**PROBLEM TO WORK ON**
From the material below, return exactly the lines starting at the one that holds "Pukas Surf Shop" and ending at the one that holds "Thomas Woomer - Marietta, OH". Pictures stay out of the answer.

**EXERCISE MATERIAL**
* * *

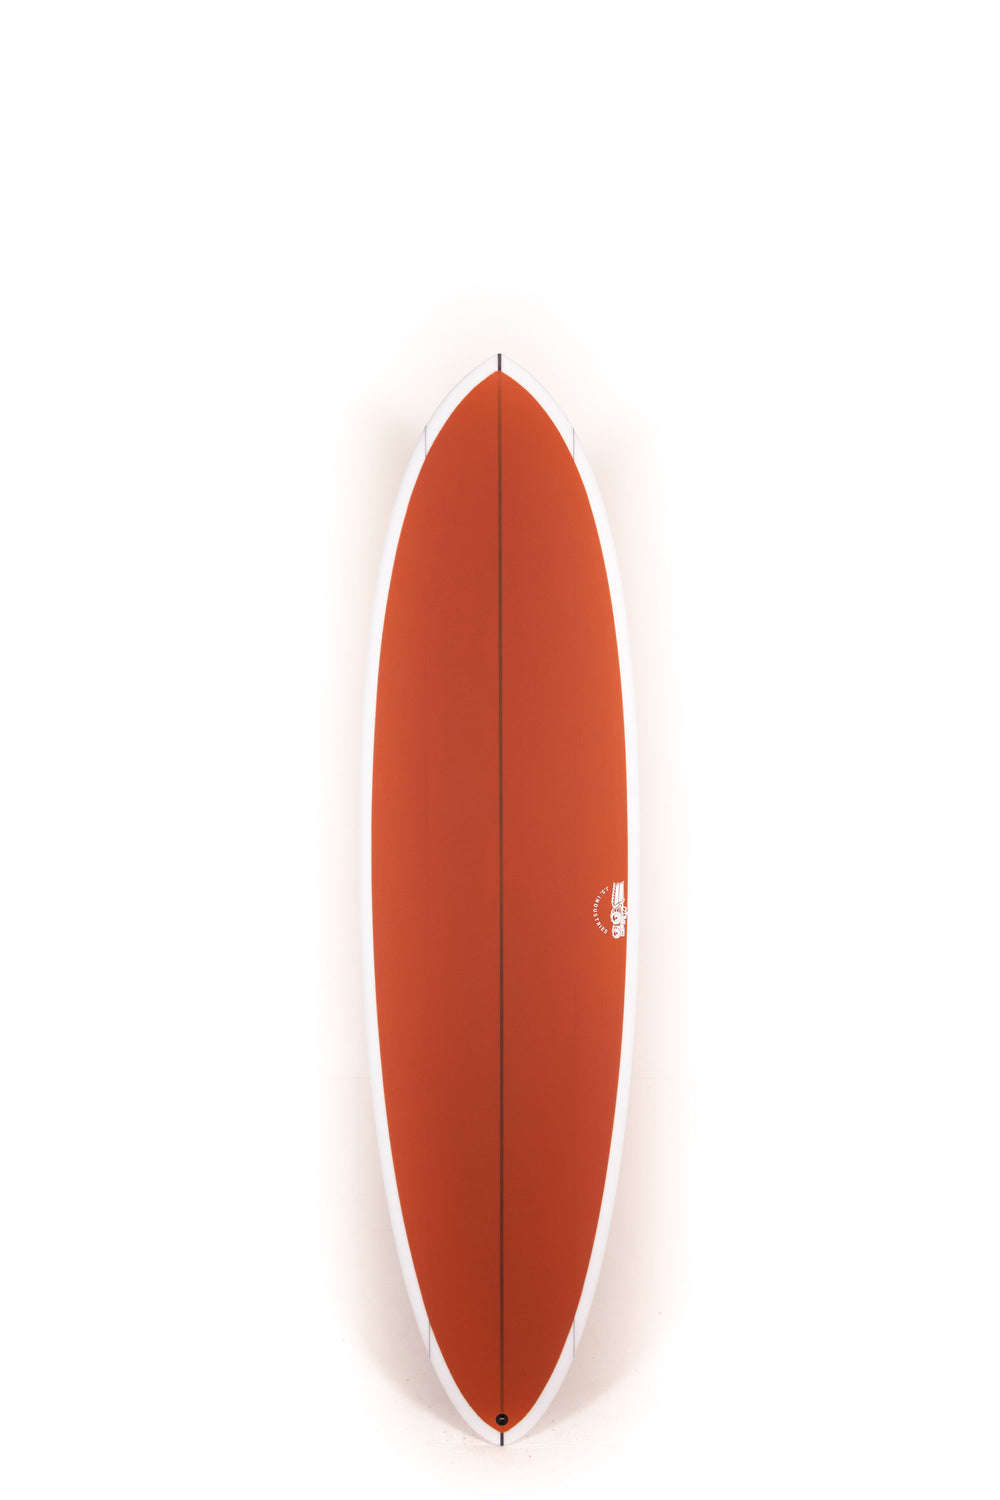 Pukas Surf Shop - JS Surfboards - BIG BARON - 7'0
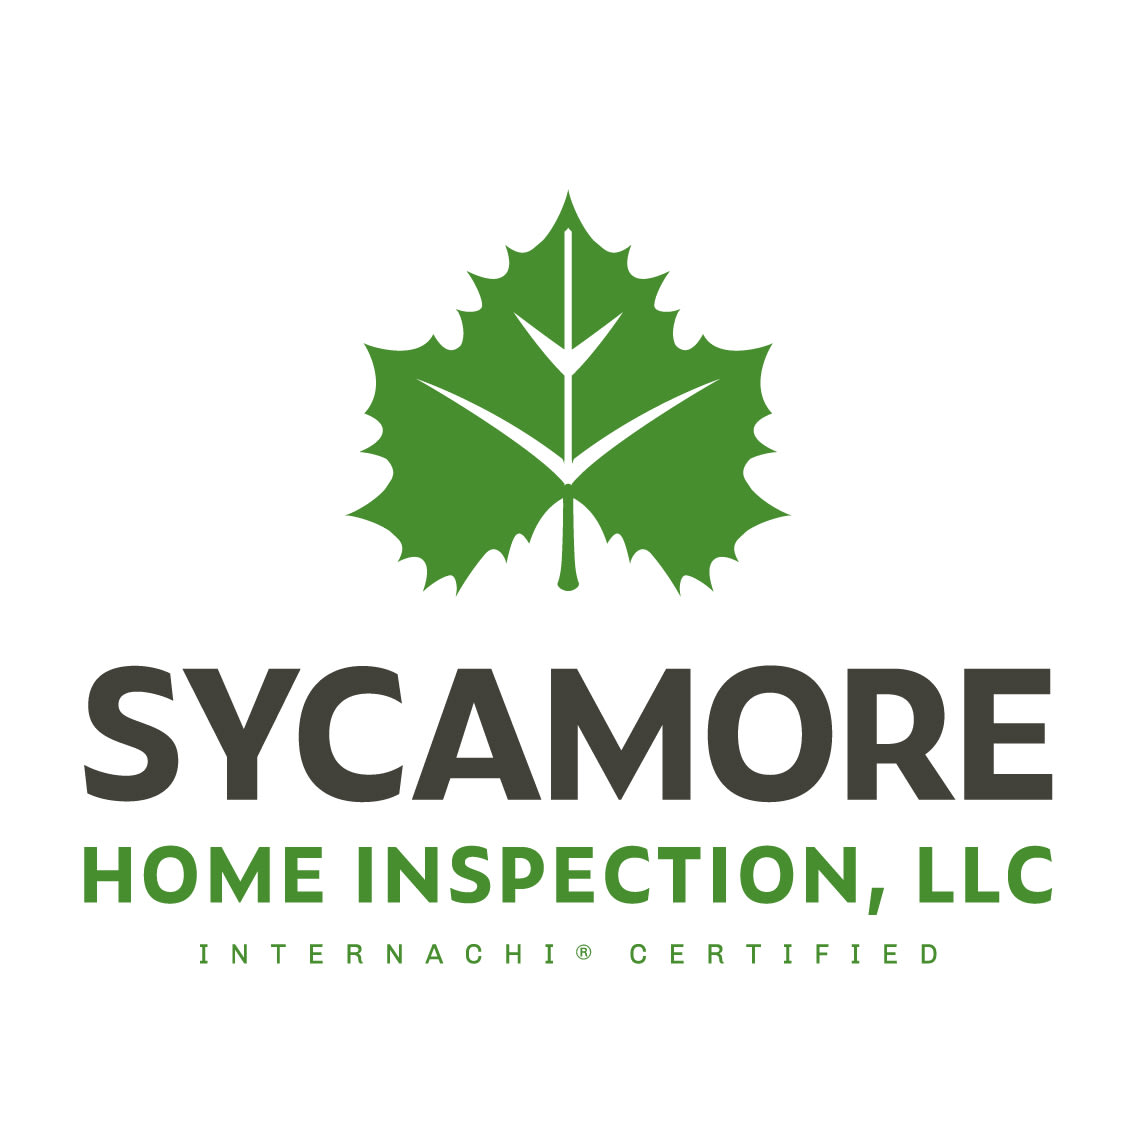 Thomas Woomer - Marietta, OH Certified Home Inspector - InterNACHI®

* * *

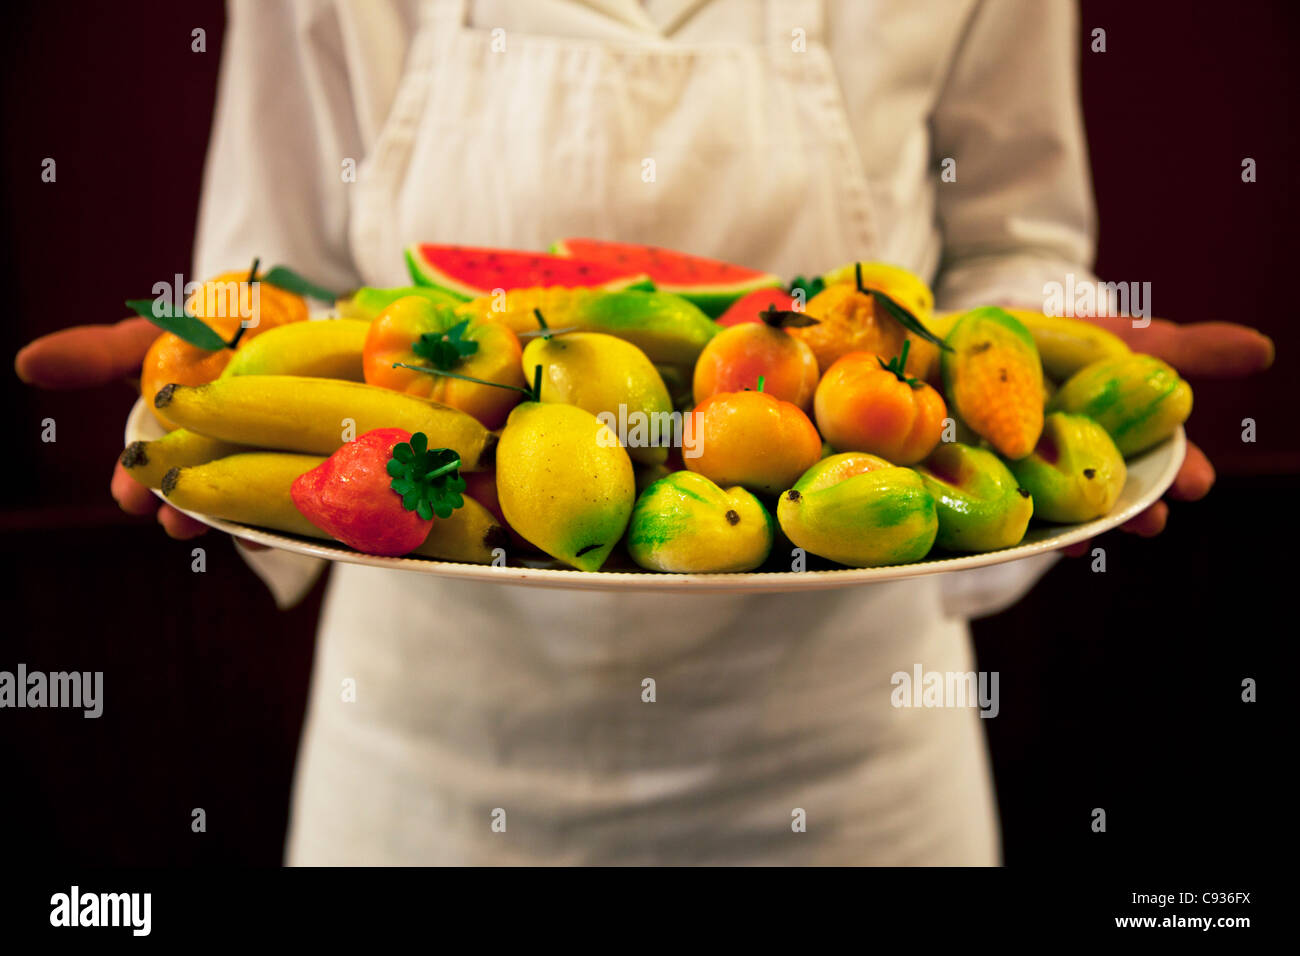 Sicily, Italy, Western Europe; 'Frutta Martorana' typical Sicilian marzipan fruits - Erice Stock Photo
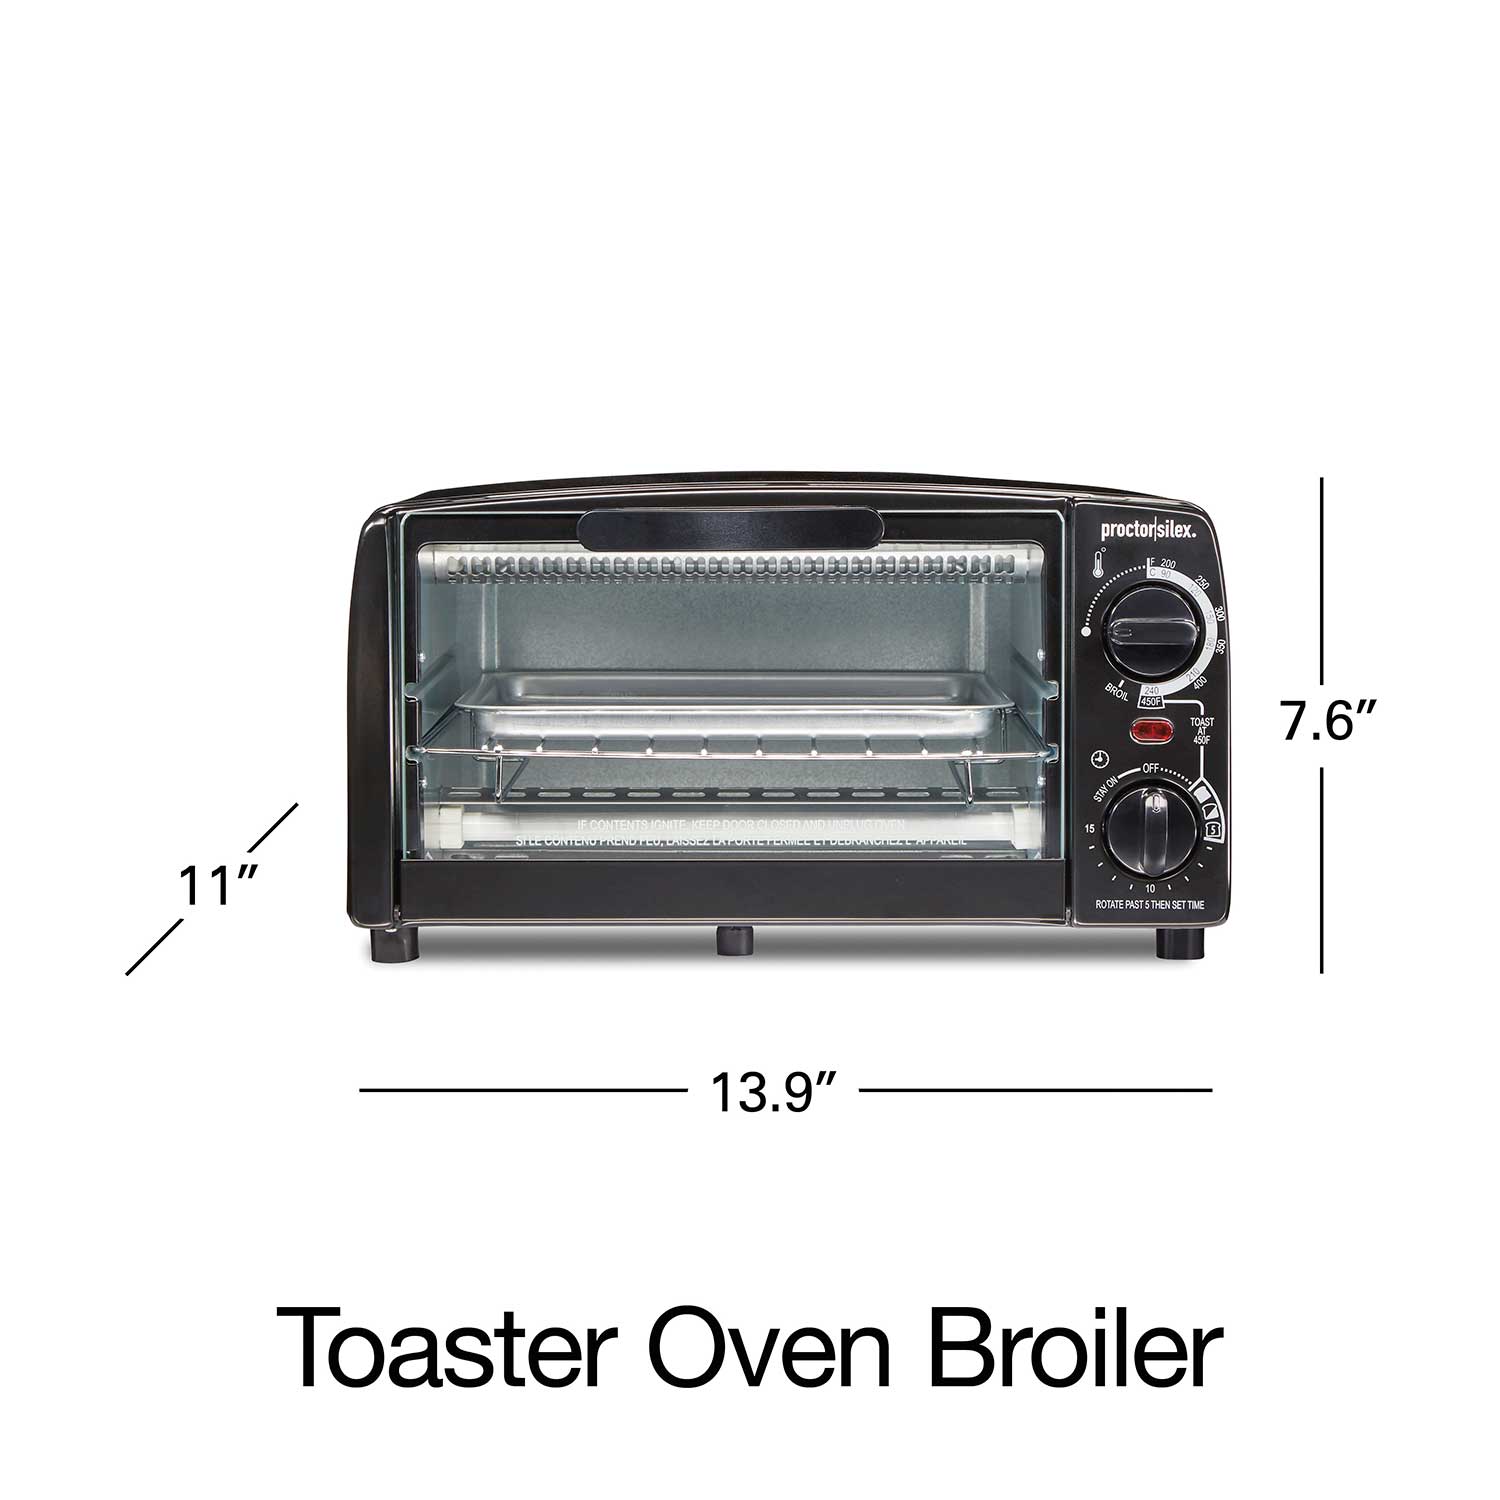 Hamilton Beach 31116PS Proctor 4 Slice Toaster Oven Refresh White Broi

* * *

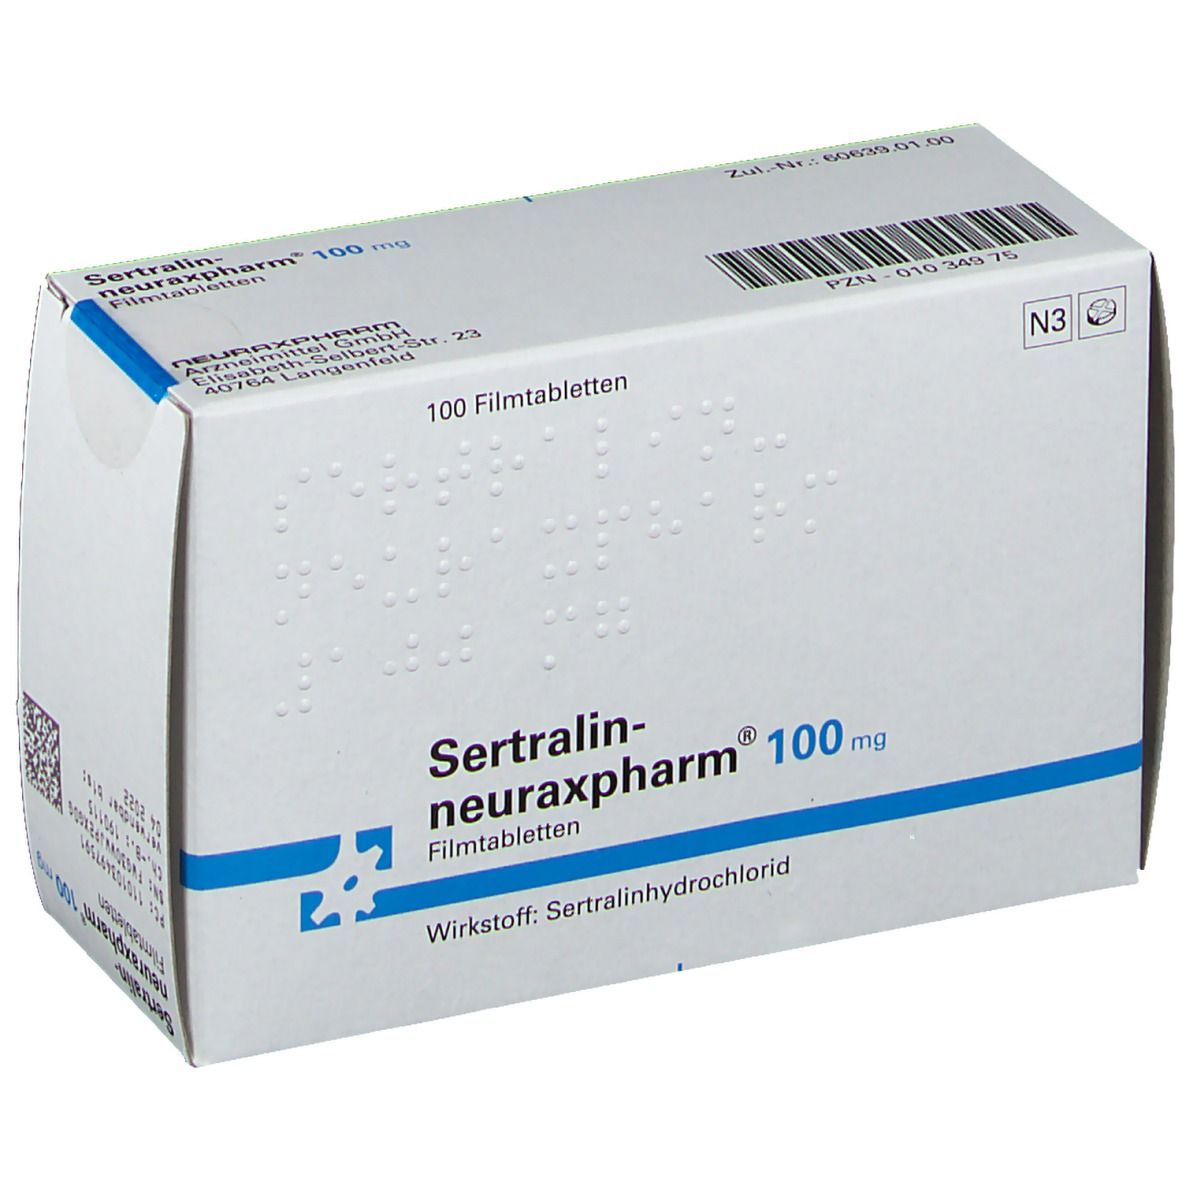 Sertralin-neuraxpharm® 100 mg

* * *

**RESULT**
 Pukas Surf Shop - JS Surfboards - BIG BARON - 7'0
 Thomas Woomer - Marietta, OH Certified Home Inspector - InterNACHI®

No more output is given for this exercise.